What is the behavior after applying this patch?

Instructions are removed as the peephole optimizer attempts to eliminate temporary storage spaces.

Additional notes

Some fixes to RegInInstruction and RegModifiedByInstruction were required in order to handle (I)MUL and (I)DIV instructions more accurately.

ReplaceRegisterInInstruction was updated with a new parameter to permit changes to write and modification operands and not just read operands (this is what the simplification algorithm used).

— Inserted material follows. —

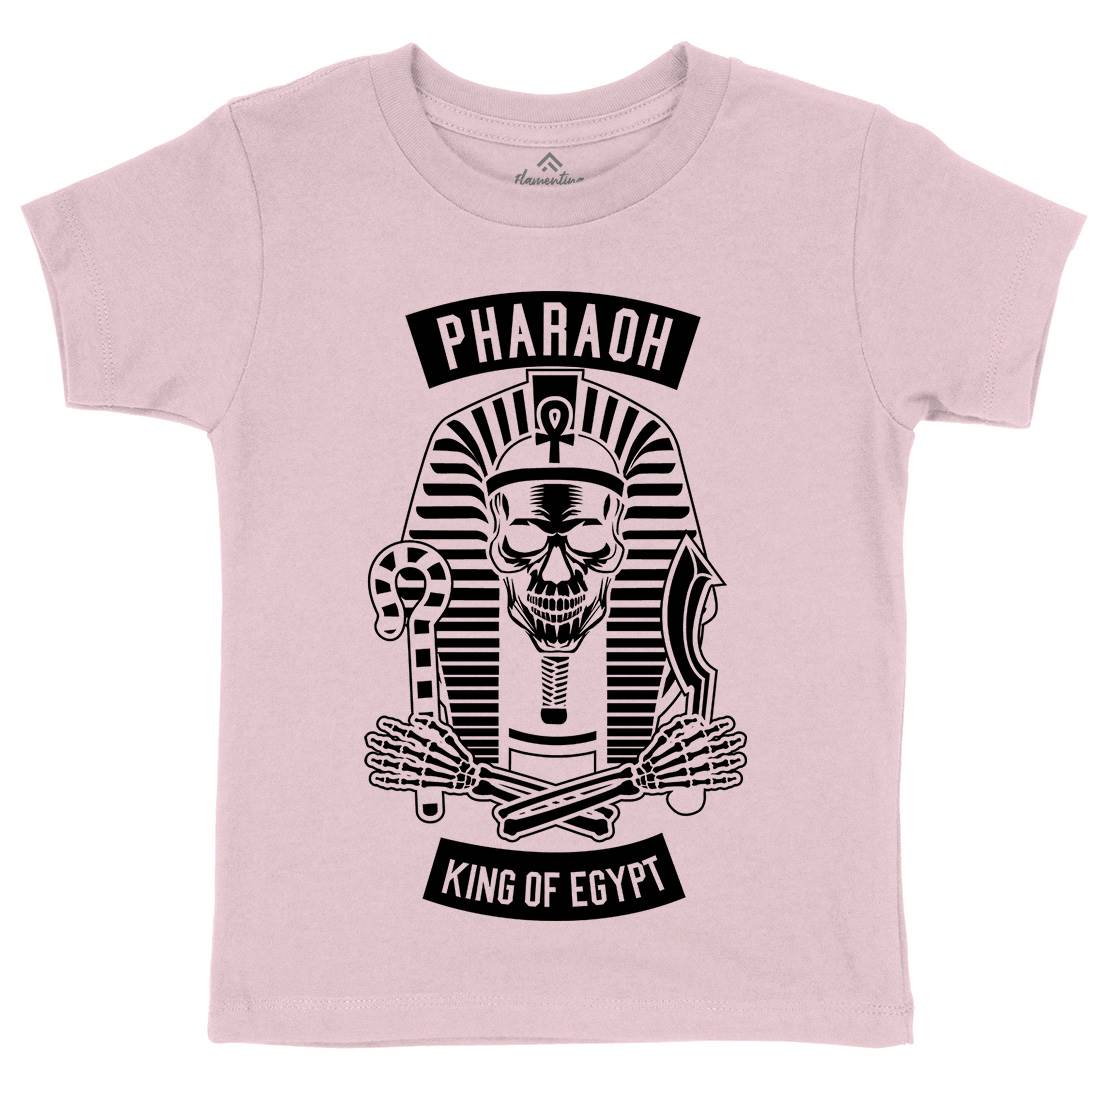 Pharaoh King Of Egypt Kids Crew Neck T-Shirt Religion B596

This optimisation is only performed under -O3 and currently incurs a large speed penalty. This is because of the frequent looking ahead and looking backwards to confirm the state of registers in order to find more optimisations and to ensure the registers being simplified won't be affected by partial register reads/writes. This may be deemed unacceptable, but if and when !74 is approved in some form, I plan to use compiler hints to indicate the used size of registers (since a lot of peephole optimizations allocate the full register size, and allocation markers may not be nearby). Otherwise, I aim to refactor and optimise this optimisation to be faster later on.

Relevant logs and/or screenshots

A lot of the time, the end result are MOV instructions that have been rearranged, but a very large number of files receive improvements of some form.

(All examples are taken under x86_64-win64, -O4)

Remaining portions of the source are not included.